Thin mix of zinc oxide-eugenol paste may be prepared, and paper points covered with the material
are used to coat the root canal walls.
Obturate the canals with a ZOE mixture
Small files may be used to file the paste into the walls. The excess thin paste may be removed with
paper points and Hedstrom files .
Apply constant pressure to the ZOE mixture

B- Complete Pulpectomy :
1) It is unwise to maintain untreated infected primary teeth in the mouth .
2) They may be opened for drainage and often remain asymptomatic for an indefinite period of time .
Open the tooth with a No. 4 bur.
3) They are a source of infection and should be treated or removed .

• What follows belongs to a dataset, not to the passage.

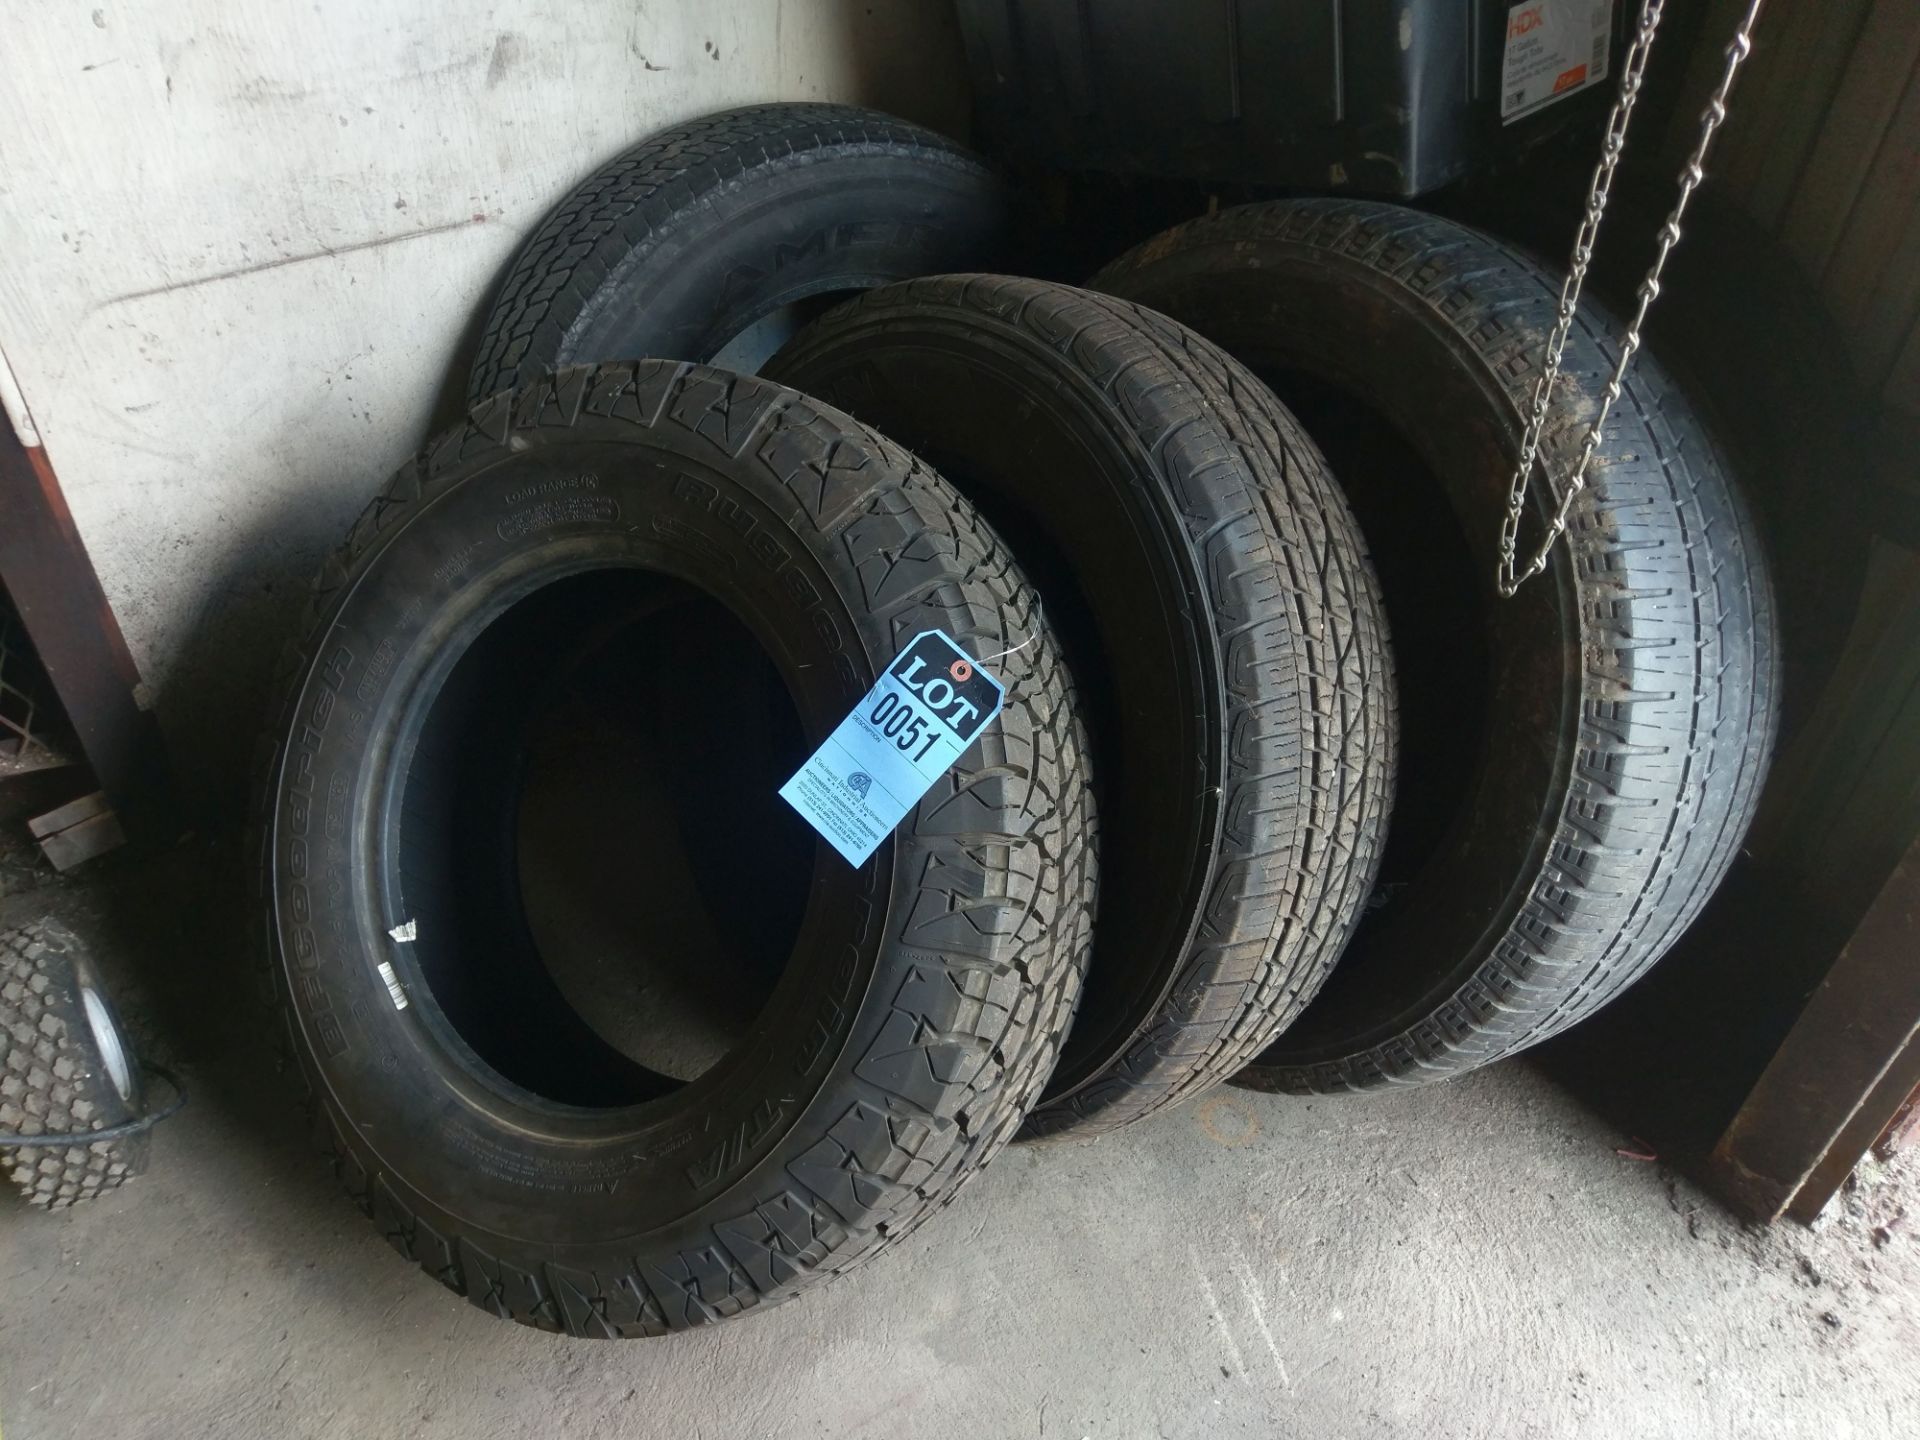 (5) TIRES - (4) USED AND (1) NEW - 16" AND 17"

4) Specially second primary molar even if it has a necrotic pulp . Effort should be made to treat and
retain the too .
5) The rubber dam is applied, and the roof of the pulp chamber should be removed to gain access to the
root canals .
6) The contents of the pulp chamber and all debris from the occlusal third of the canals should be
removed, with care taken to avoid forcing any of the infected contents through the apical foramen .

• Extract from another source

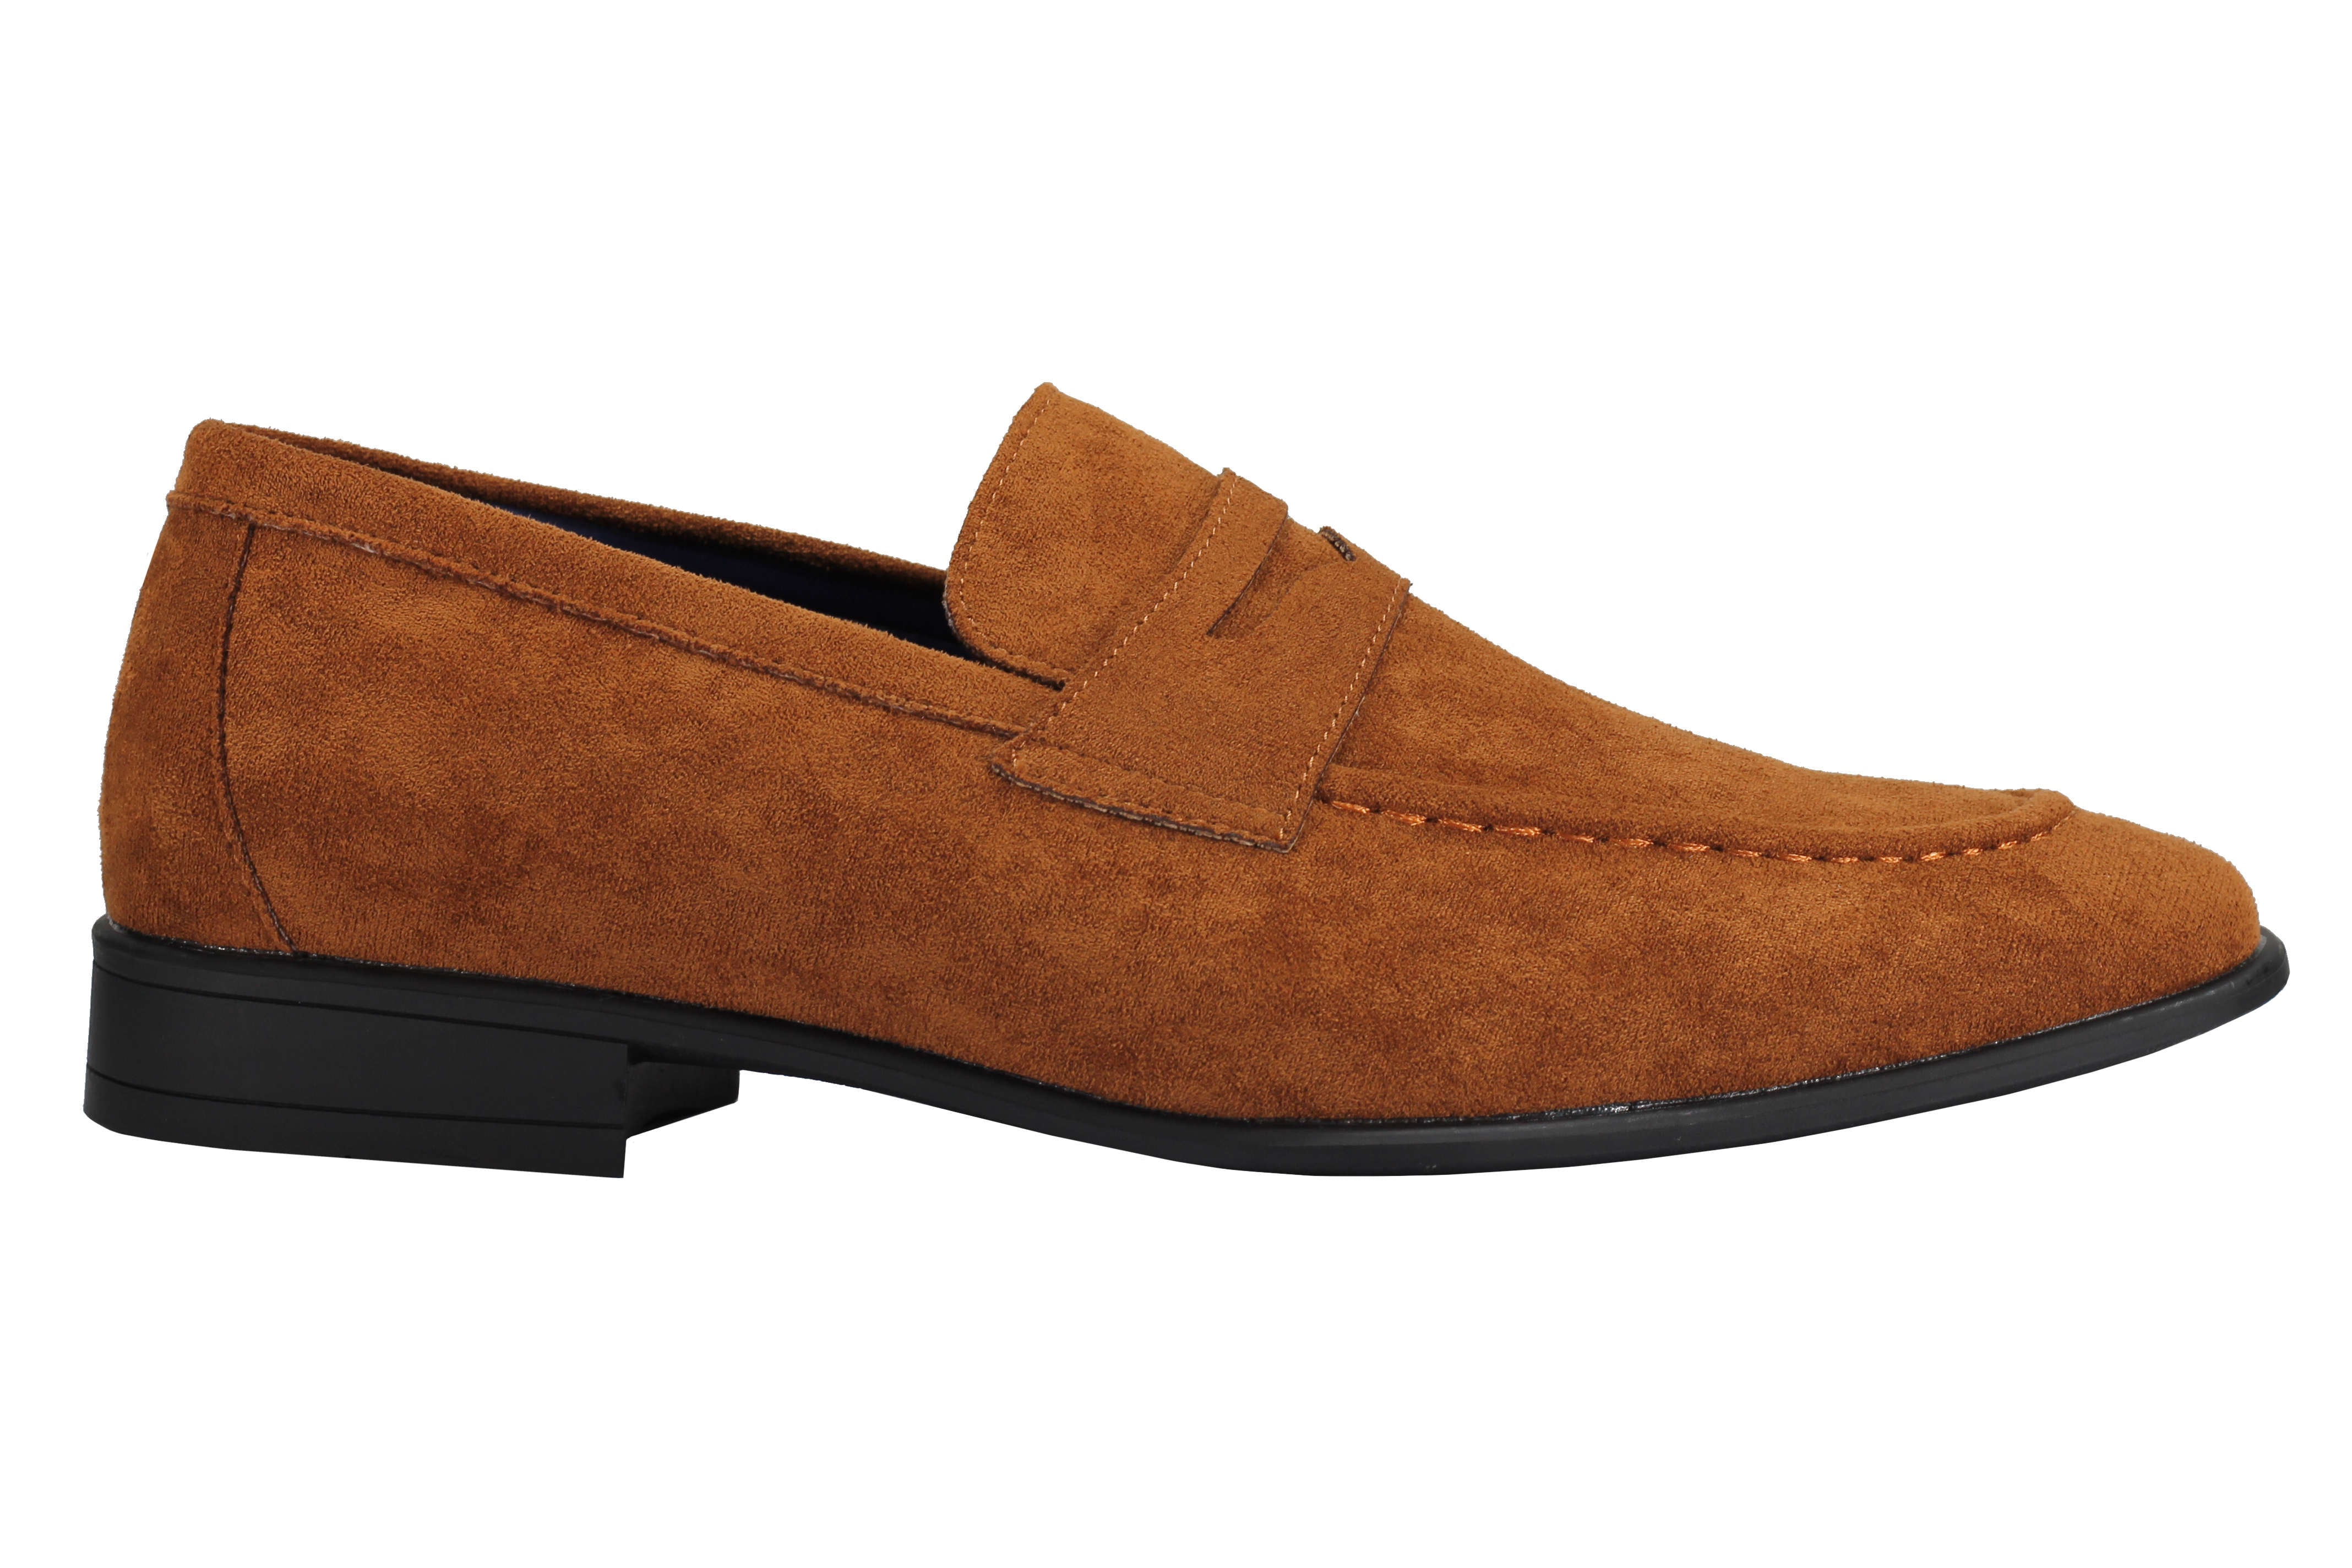 SUEDE PENNY LOAFERS

Use an endodontic file to remove the pulp tissue
7) A moistened pellet of camphorated monochlorophenol (CMCP) or l:5 , concentration of Buckley's
formocresol, with excess moisture blotted, should be placed in the pulp chamber, Irrigate the tooth ,
Dry the canal with paper points
8) The chamber may be sealed with zinc oxide-eugenol. Condense a thick mix of paste in the root canal
9) At the second appointment, several days later, the tooth should be isolated with a rubber dam and the
treatment pellet removed . If the tooth has remained asymptomatic during the interval, the remaining
contents of the canals should be removed. The apex of each root should be penetrated slightly with
the smallest file .
10) A treatment pellet should again be placed in the pulp chamber and the seal completed with zinc
oxide-eugenol .
11) After another interval of a few days the treatment pellet should be removed. If the tooth has remained
asymptomatic, the canals may be prepared and filled as described for the partial pulpectomy. If the
tooth has been painful and there is evidence of moisture in the canals when the treatment pellet is
removed, the canals should again be mechanically cleansed and the treatment repeated.